Jurgen HabermasEdit

Copied from Stanford Philosophical Encyclopedia

Jürgen Habermas currently ranks as one of the most influential philosophers in the world. Bridging continental and Anglo-American traditions of thought, he has engaged in debates with thinkers as diverse as Gadamer and Putnam, Foucault and Rawls, Derrida and Brandom. His extensive written work addresses topics stretching from social-political theory to aesthetics, epistemology and language to philosophy of religion, and his ideas have significantly influenced not only philosophy but also political-legal thought, sociology, communication studies, argumentation theory and rhetoric, developmental psychology and theology. Moreover, he has figured prominently in Germany as a public intellectual, commenting on controversial issues of the day in German newspapers such as Die Zeit.

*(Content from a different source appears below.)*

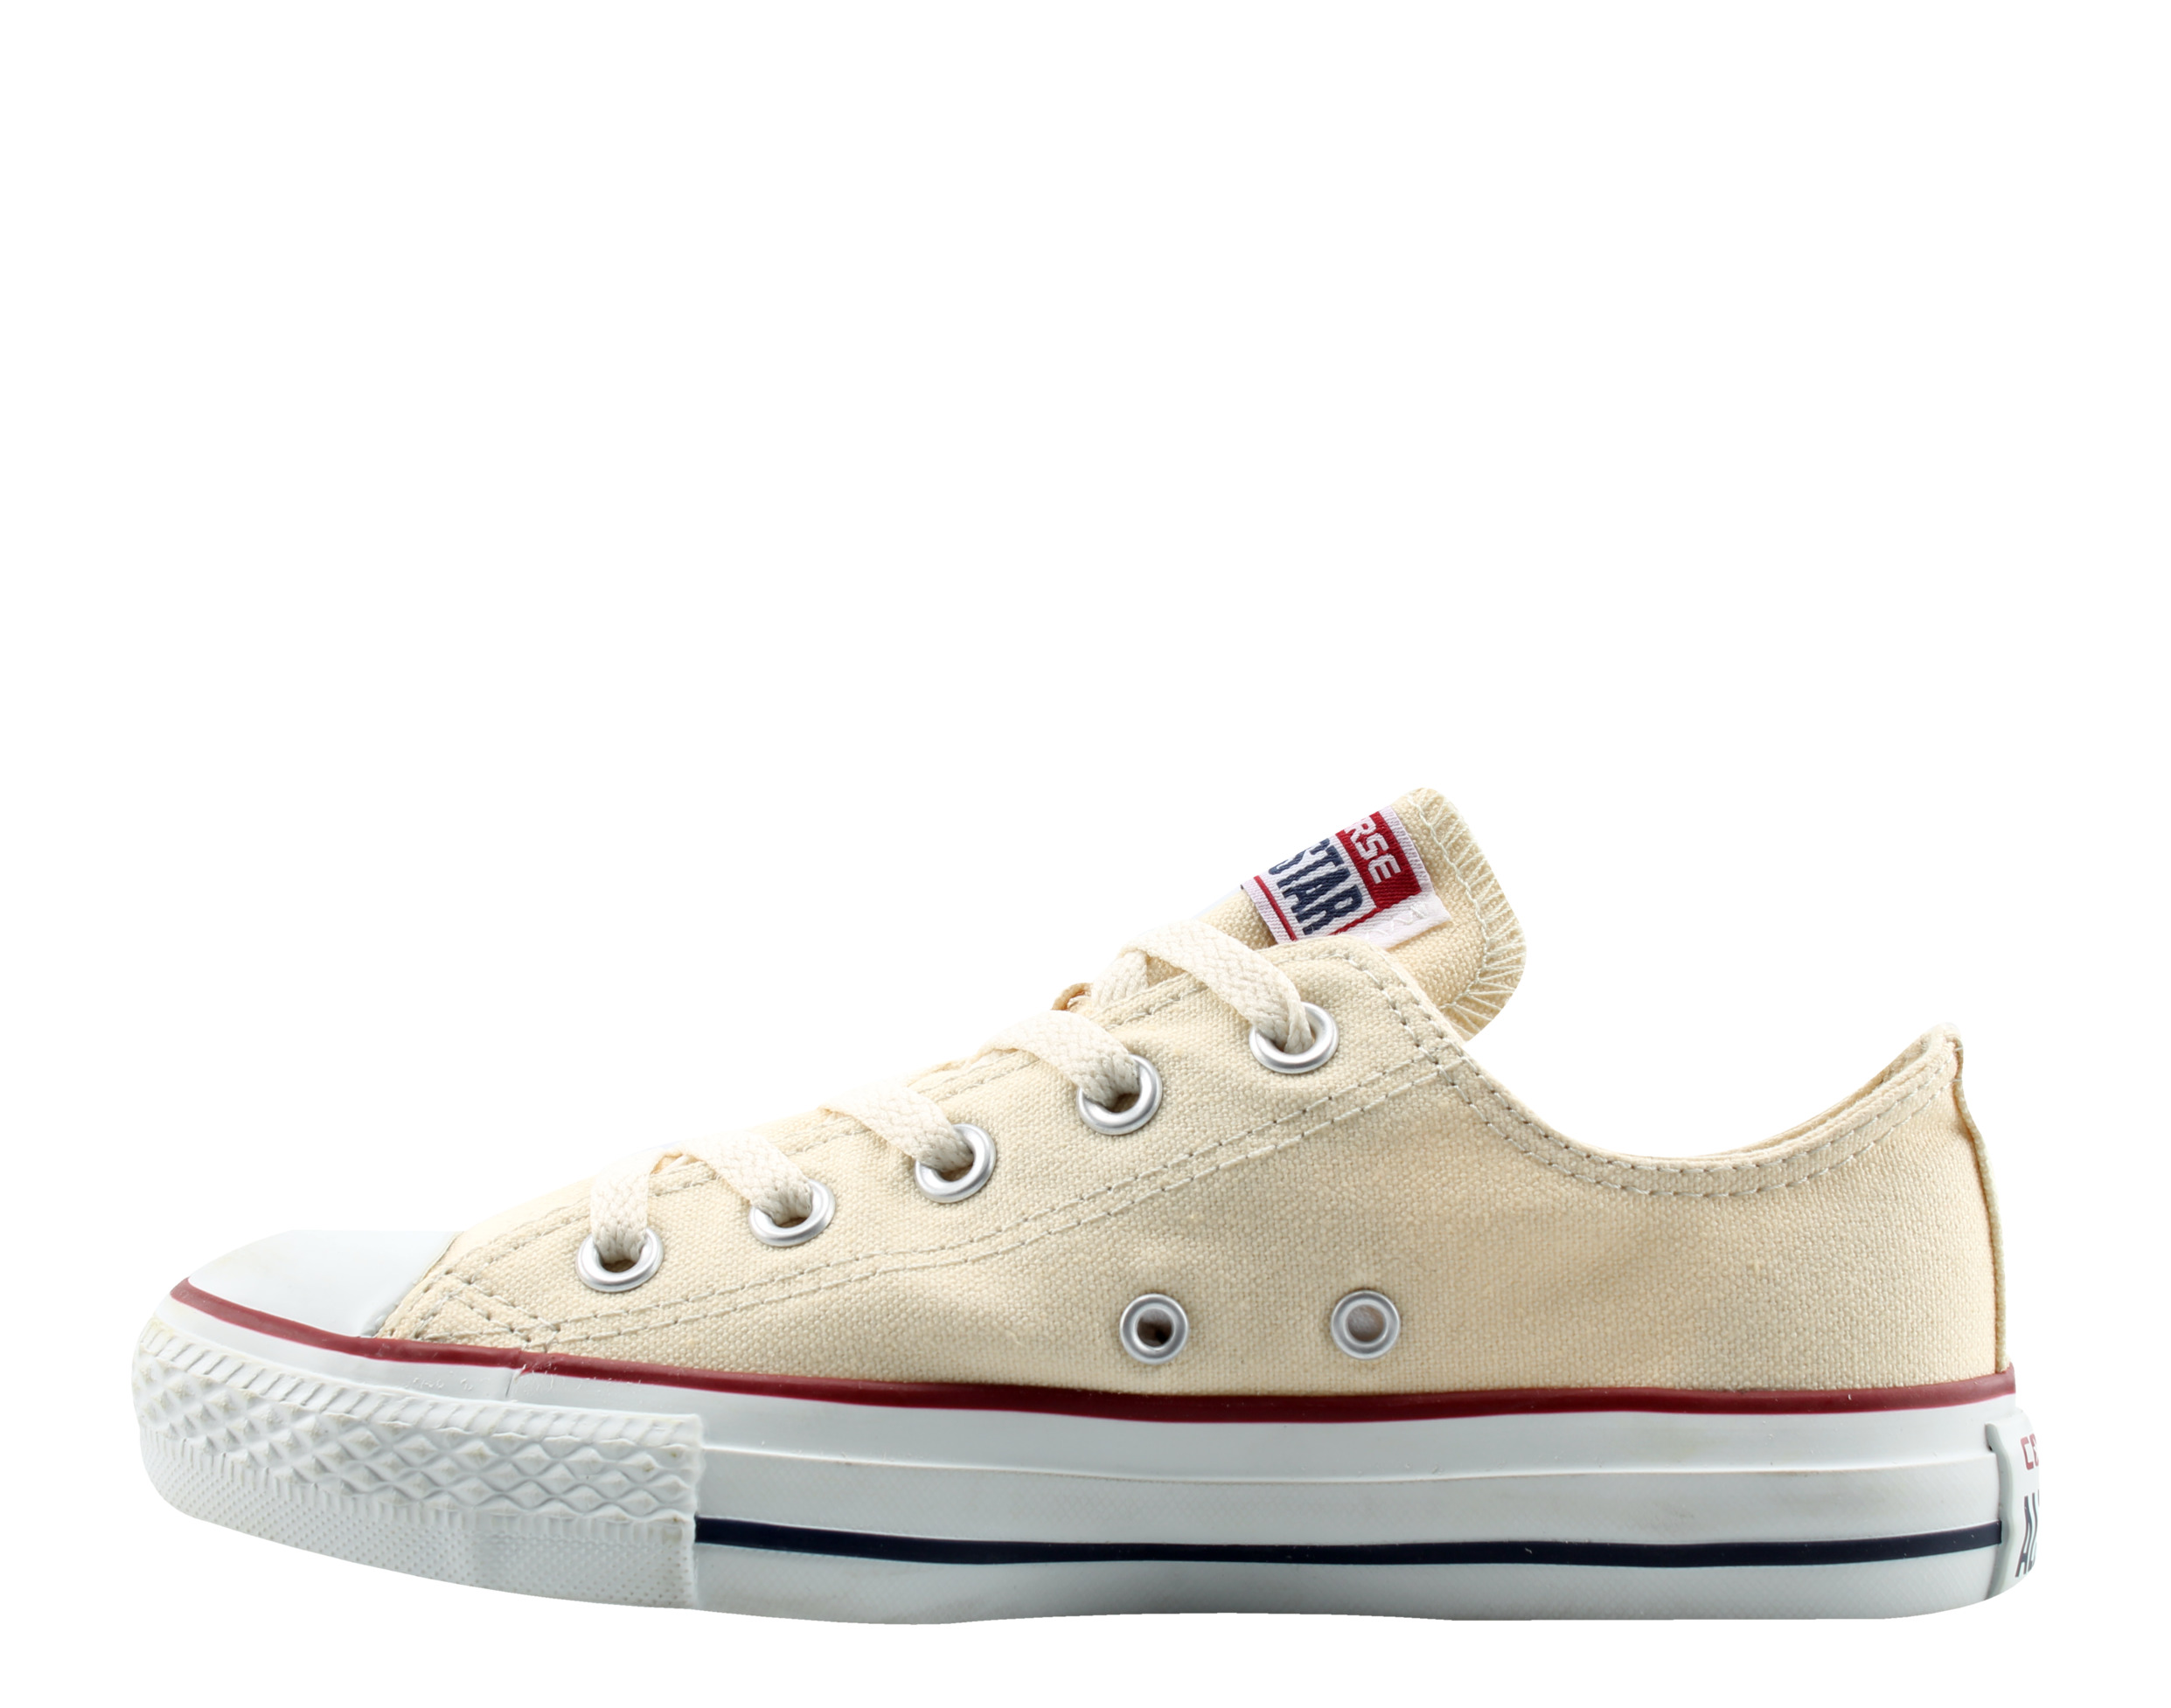 Converse Chuck Taylor OX All Star Big Kids Sneakers Unbleach White m9165 - image 3 of 6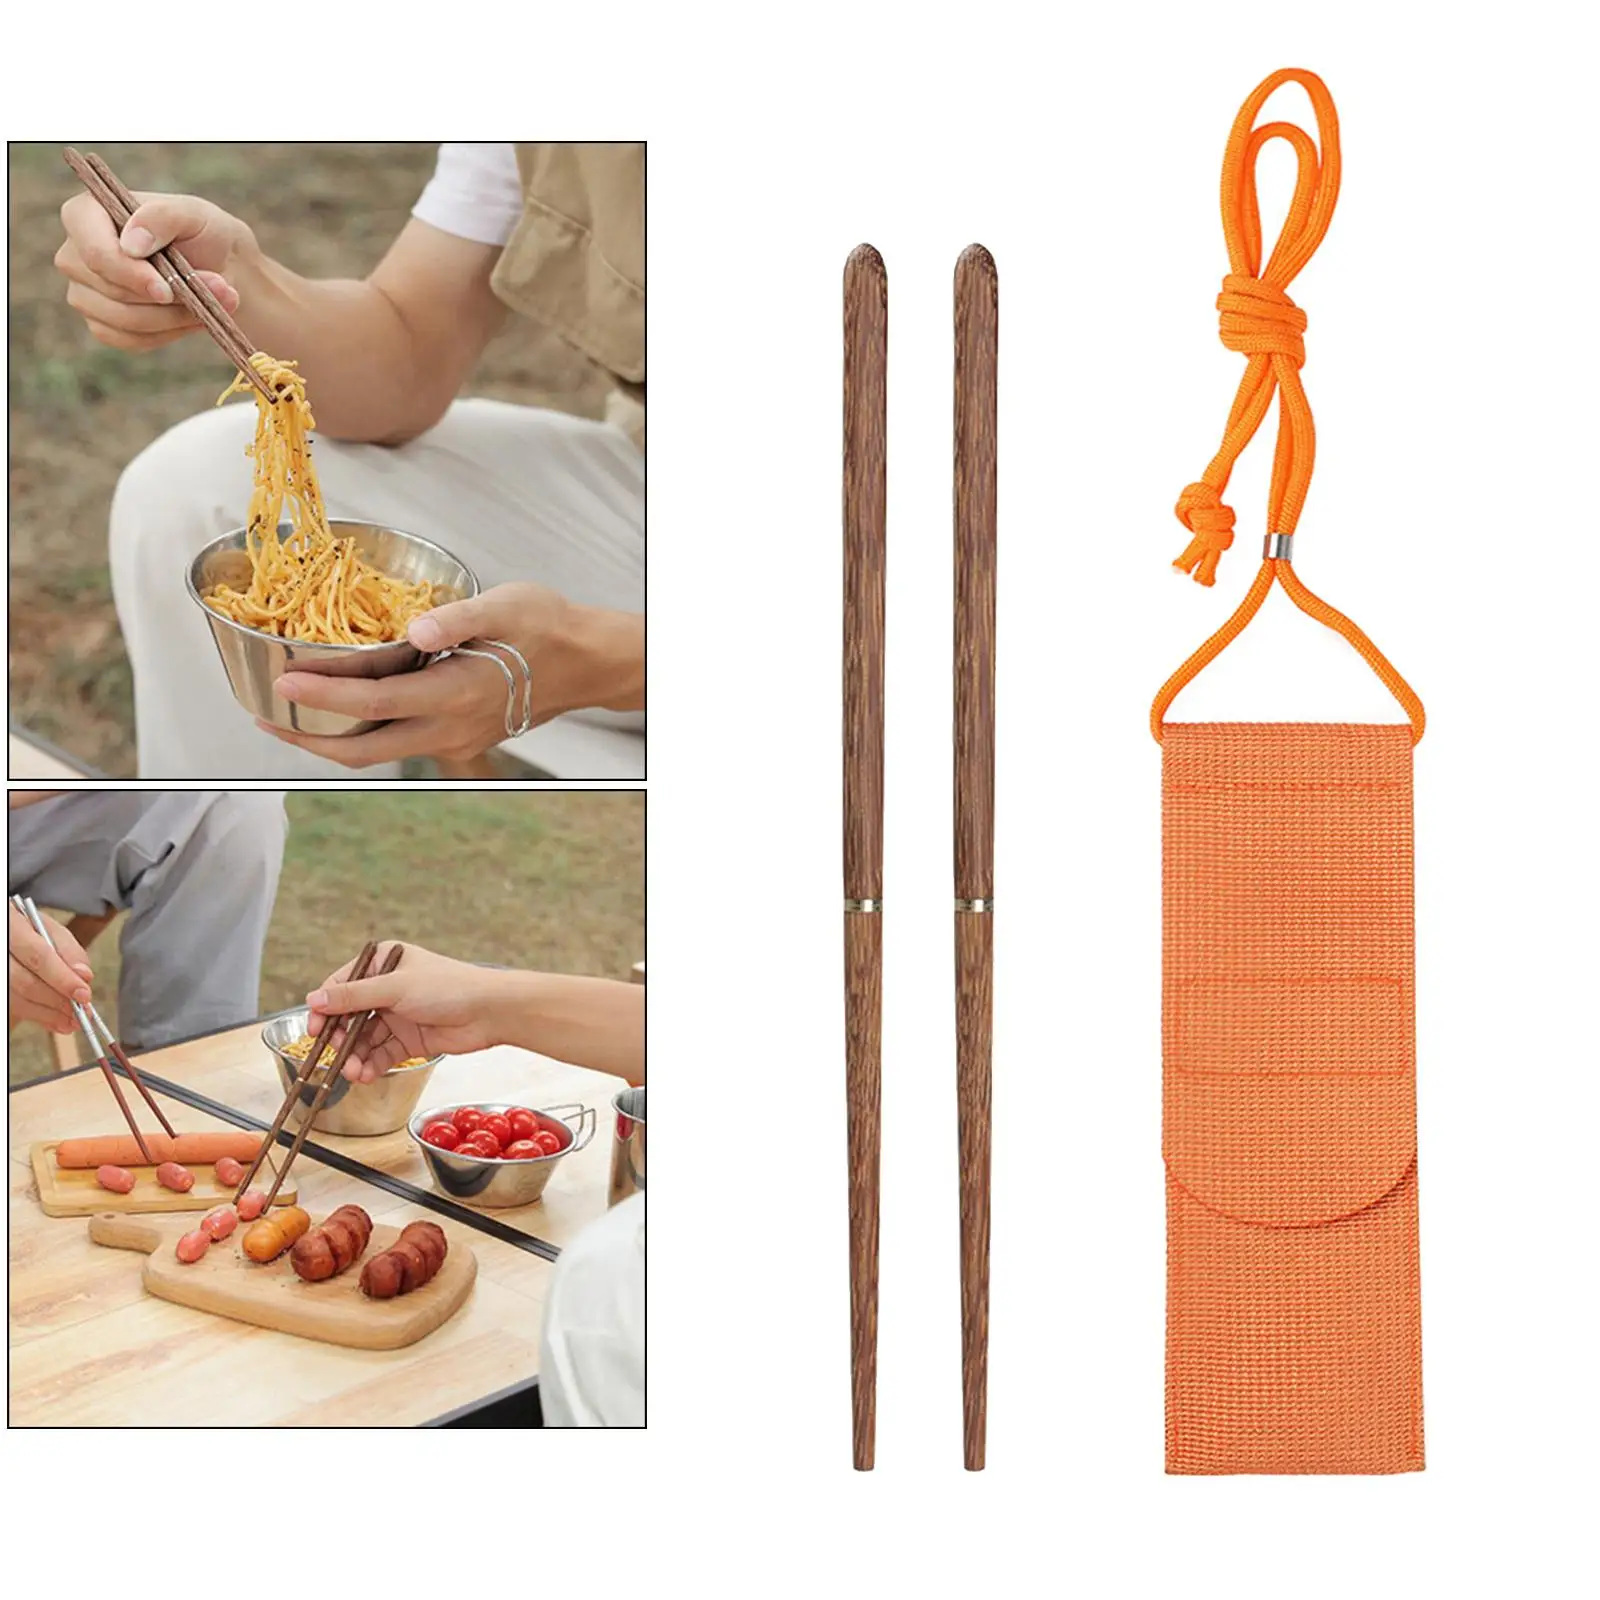 Chopsticks Reusable Wooden Stainless Steel Camping Picnic Chinese Chopstick

The Structural Transformation of the Public Sphere [German: 1962 | English: 1989]Edit

Copied from Standford Philosophical Encyclopedia

This first text by Habermas is a detailed historical-sociological examination of the development of the bourgeois public sphere from its origins in the 18th century salons up to its transformation through the influence of capital-driven mass media. In his description of the salons we clearly see his interest in a communicative ideal that later would provide the core normative standard for his moral-political theory: the idea of inclusive critical discussion, free of social and economic pressures, in which interlocutors treat each other as equals in a cooperative attempt to reach an understanding on matters of common concern. As an ideal at the center of bourgeois culture, this kind of interchange was probably never fully realized; nonetheless, it “was not mere ideology” (1989, 160, also 36). As these small discussion societies grew into mass publics in the 19th century, however, ideas became commodities, assimilated to the economics of mass media consumption. Rather than give up on the idea of public reason, Habermas called for a socioinstitutionally feasible concept of public opinion-formation “that is historically meaningful, that normatively meets the requirements of the social-welfare state, and that is theoretically clear and empirically identifiable.” Such a concept “can be grounded only in the structural transformation of the public sphere itself and in the dimension of its development” (ibid., 244). His concluding sketch of such a concept (ibid., 244–48) already contains in outline the two-level model of democratic deliberation he later elaborates in his mature work on law and democracy, Between Facts and Norms (1996b; German ed., 1992b).